S64V-EmrE expression and purification

S64V-EmrE was expressed and purified as previously described7 using the same procedure as for WT EmrE49. 2H,13C,15N (CDN)-labeled S64V-EmrE was expressed in 2H2O media containing 2.5 g/L U–2H,13C glucose, 1 g/L 15NH4Cl, and 0.5 g/L 2H,13C,15N-labled ISOGRO. Lysis and purification were performed as previously reported50,51 using Ni-NTA affinity column followed by thrombin cleavage of the His-tag and size exclusion chromatography on a S200 column in buffer containing 50 mM MES, 20 mM NaCl, 10 mM decyl-maltoside, 5 mM BME, pH 7.0.

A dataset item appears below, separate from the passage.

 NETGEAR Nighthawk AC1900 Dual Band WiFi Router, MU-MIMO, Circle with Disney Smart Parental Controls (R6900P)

Solution NMR spectroscopy and pKa analysis

Solution NMR data were collected on samples with 1.0 mM 2H, 15N S64V-EmrE in DMPC/DHPC bicelles (q = 0.33, with a protein to DMPC molar ratio of 1:50). The buffer contained 20 mM NaCl, 50 mM sodium acetate, 50 mM MOPS, 50 mM MES, 50 mM bicine, 2 mM TCEP, 0.01% DSS, and 10% D2O. About 10 mg F4-TPP+ was added to this protein bicelle solution and incubated at 45 °C overnight to saturate binding, then the excess drug was removed through microcentrifugation. Spectra were measured at 45 °C on a Bruker 750 MHz spectrometer (Avance) equipped with a TCI cryoprobe. Spectra from 4 different pH conditions were processed and analyzed using NMRPipe52 and CcpNmr Analysis53. Chemical shift changes for 1H and 15N were separately globally fit to a single pKa value using the following equation (Eq. 1):

$$\delta =\frac{{\delta }_{H}{10}^{-{{{\rm{pH}}}}}+{\delta }_{D}{10}^{{{{\rm{-p{K}}}}}_{a}}}{{10}^{-{{{\rm{pH}}}}}+{10}^{-{{{\rm{p{K}}}}}_{a}}}$$
(1)

where δH and δD are the chemical shifts of the protonated and deprotonated states of each residue, respectively. Six residues in close proximity to E14 with large chemical shift changes with pH were analyzed. For a single pKa, the modified Henserson–Hasselbach equation describes the chemical shift for each residue (δ) as a function of pH15,54,55.

Reconstitution and preparation of solid-state NMR samples

CDN-labeled S64V-EmrE was reconstituted into d54-DMPC (Avanti Polar Lipids) liposomes at a protein monomer to lipid molar ratio (P: L) of 1: 25. DMPC was resuspended in 50 mM MES, 20 mM NaCl, pH 8.0 buffer at 20 mg/mL. The lipid mixture was incubated at 45 °C for 1 h to hydrate, then bath-sonicated for 1 min before addition of 0.5% octyl-glucoside (OG) followed by 30 s bath sonication. The lipid mixture was incubated at 45 °C for an additional 15 min before mixing with purified S64V-EmrE solution. After 20 min incubation at room temperature (RT), Amberlite (Supelco) was added (3 × 30 mg Amberlite per mg total detergent) to remove the detergent. The amberlite was removed after 16–24 h by simple filtration. Liposomes were collected by ultracentrifugation (165,000 × g, 6 °C, 2 h) and resuspended in a small volume (~20 mg/mL lipid concentration) of buffer. To ensure complete detergent removal, the sample was dialyzed against 1 L of the same buffer (50 mM MES, 20 mM NaCl, pH 8.0) with buffer change every 24 h over a 72 h period. The sample was then incubated with excess solid F4-TPP+ at RT with end-over-end rocking for at least 16 h. Excess F4-TPP+ was removed using microcentrifugation (7,500 × g, 5 min). Proteoliposomes were then pelleted at 100,000 × g, 4 °C, 2 h in an ultracentrifuge. Proteoliposomes were dried to ~40% hydration by mass in a desiccator. Samples were centrifuged into 1.9 and 1.3 mm MAS rotors. Two rotors were packed: a 1.9 mm sample of CDN-EmrE sample containing ~3.5 mg protein in ~15 mg proteoliposomes, and a 1.3 mm sample of CDN-EmrE containing ~0.9 mg protein in ~3.6 mg proteoliposomes.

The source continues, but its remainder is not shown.